In deze verordening wordt verstaan onder:

  • a.

    gemeentelijke riolering: een voorziening of combinatie van voorzieningen voor inzameling, verwerking, zuivering of transport van afvalwater, hemelwater of grondwater, in eigendom, in beheer of in onderhoud bij de gemeente;

  • b.

    perceel: een roerende of onroerende zaak of een zelfstandig gedeelte daarvan;

  • c.

    verbruiksperiode: de periode waarop de afrekening van het waterbedrijf betrekking heeft;

  • d.

    water: huishoudelijk afvalwater, bedrijfsafvalwater, hemelwater, grondwater of oppervlaktewater.

Artikel 2 Aard van de belasting

Onder de naam rioolheffing wordt een directe belasting geheven ter bestrijding van de kosten die voor de gemeente verbonden zijn aan:

  • a.

    de inzameling en het transport van huishoudelijk afvalwater en bedrijfsafvalwater, alsmede de zuivering van huishoudelijk afvalwater; en

  • b.

    de inzameling van afvloeiend hemelwater en de verwerking van het ingezamelde hemelwater, alsmede het treffen van maatregelen teneinde structureel nadelige gevolgen van de grondwaterstand voor de aan de grond gegeven bestemming zoveel mogelijk te voorkomen of te beperken.

Artikel 3 Belastbaar feit en belastingplicht

  • 1. De belasting wordt geheven van de gebruiker van een perceel van waaruit water direct of indirect op de gemeentelijke riolering wordt afgevoerd.

  • 2. Voor de belasting wordt:

    • a.

      gebruik van een perceel door de leden van een huishouden aangemerkt als gebruik door het door de in artikel 231, tweede lid, onderdeel b, van de Gemeentewet bedoelde gemeenteambtenaar aangewezen lid van dat huishouden;

    • b.

      gebruik door degene aan wie een deel van een perceel in gebruik is gegeven, aangemerkt als gebruik door degene die dat deel in gebruik heeft gegeven;

    • c.

      het ter beschikking stellen van een perceel voor volgtijdig gebruik aangemerkt als gebruik door degene die dat perceel ter beschikking heeft gesteld.

Artikel 4 Zelfstandige gedeelten

Indien gedeelten van een in artikel 3 bedoeld perceel blijkens hun indeling bestemd zijn om als afzonderlijk geheel te worden gebruikt, wordt de belasting geheven ter zake van elk als zodanig bestemd gedeelte, met dien verstande dat indien twee of meer van die gedeelten tezamen als één geheel worden gebruikt, deze als één perceel worden aangemerkt.

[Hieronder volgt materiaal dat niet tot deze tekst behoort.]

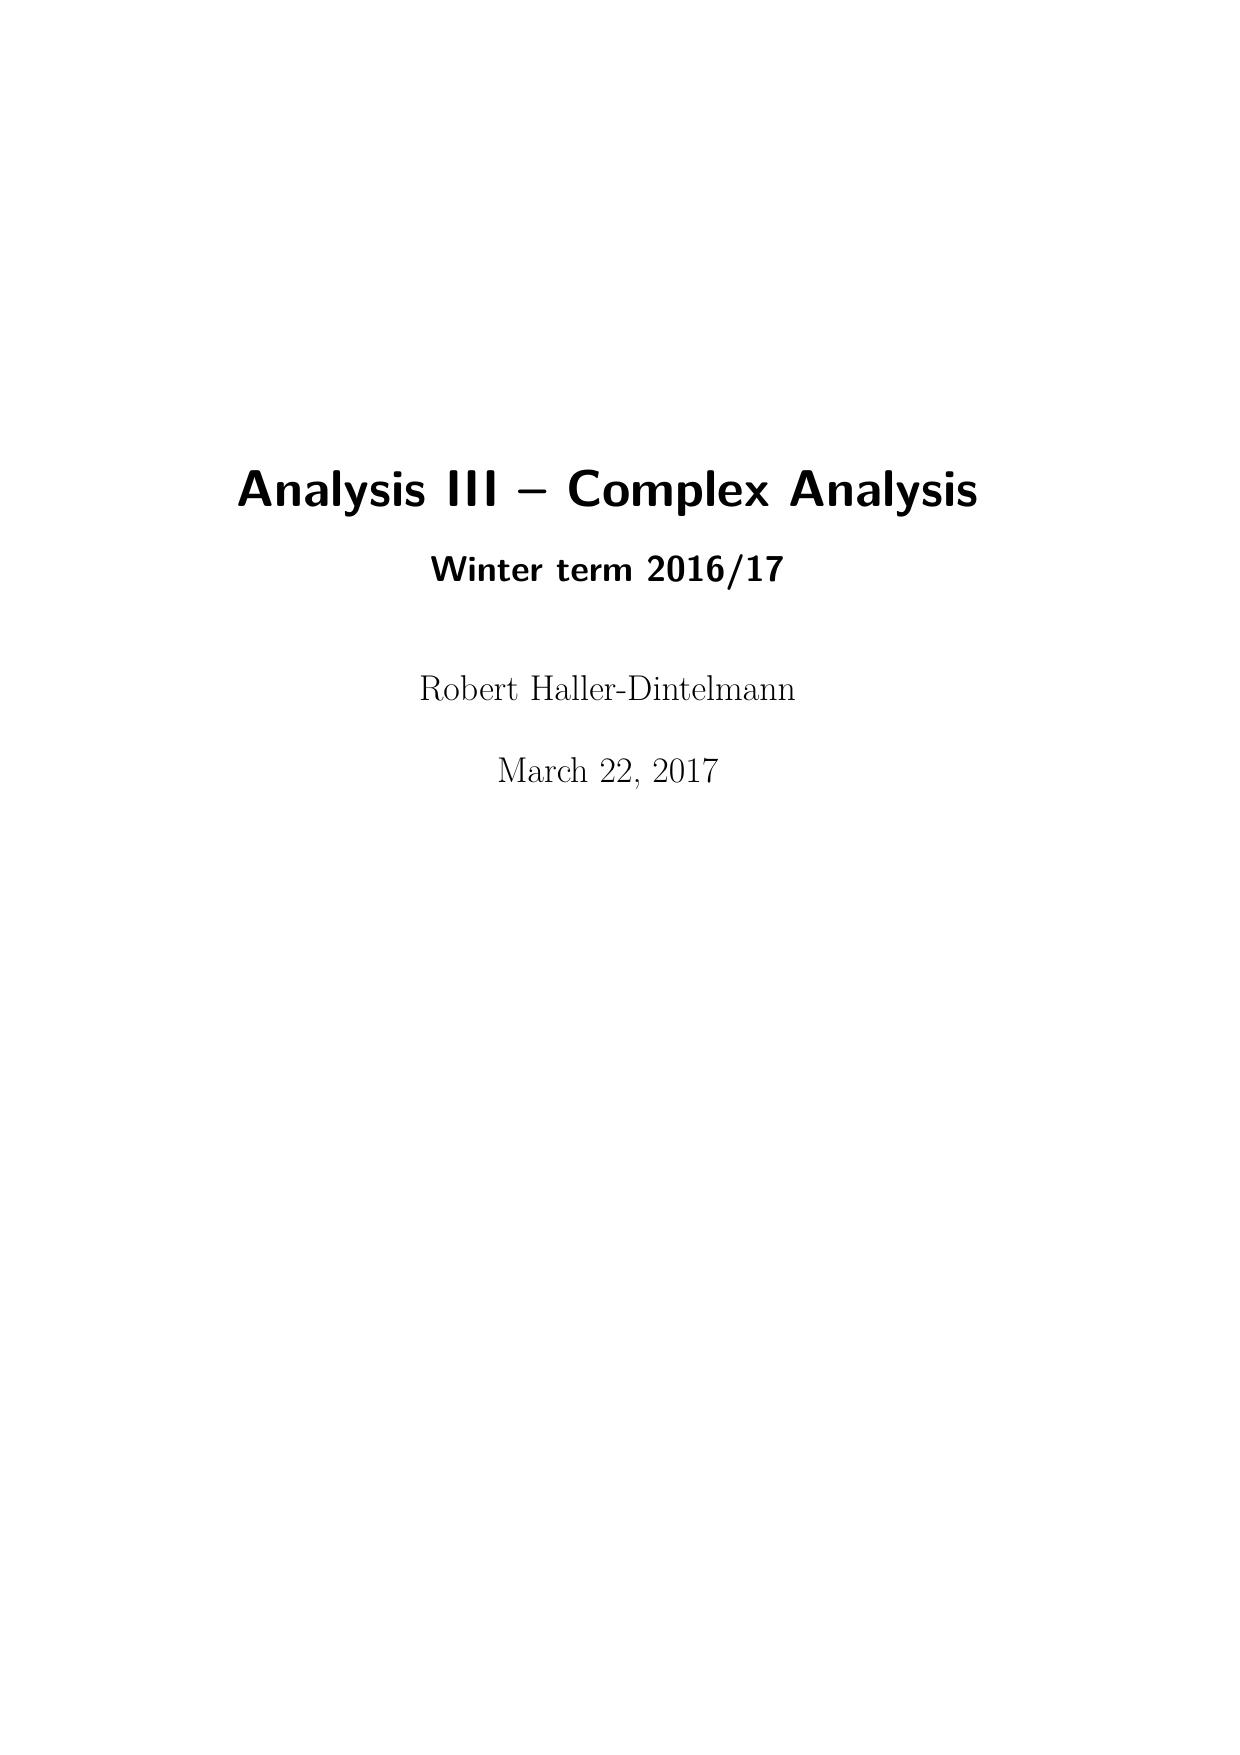 Analysis III- Complex Analysis 2017

Artikel 5 Maatstaf van heffing

  • 1. De belasting wordt geheven naar het aantal kubieke meters water dat vanuit het perceel wordt afgevoerd.

  • 2. Het aantal kubieke meters water wordt gesteld op het aantal kubieke meters leidingwater en grondwater dat in de voorlaatste aan het begin van het belastingjaar voorafgaande verbruiksperiode naar het perceel is toegevoerd en of is opgepompt. Ingeval de verbruiksperiode niet gelijk is aan een periode van twaalf maanden, wordt de hoeveelheid water door herleiding naar tijdsgelang bepaald.

  • 3. In afwijking van het tweede lid wordt ingeval er geen opgave van het waterverbruik van de waterleidingmaatschappij voorhanden is:

    • a.

      bij percelen die in hoofdzaak tot woning dienen, het waterverbruik gesteld op het aantal bewoners, maal 40 m³ per belastingjaar.

    • b.

      bij percelen die niet in hoofdzaak dienen tot woning het waterverbruik door de in artikel 231, tweede lid, onderdeel b van de Gemeentewet bedoelde ambtenaar vastgesteld op basis van het waterverbruik van vergelijkbare bedrijven.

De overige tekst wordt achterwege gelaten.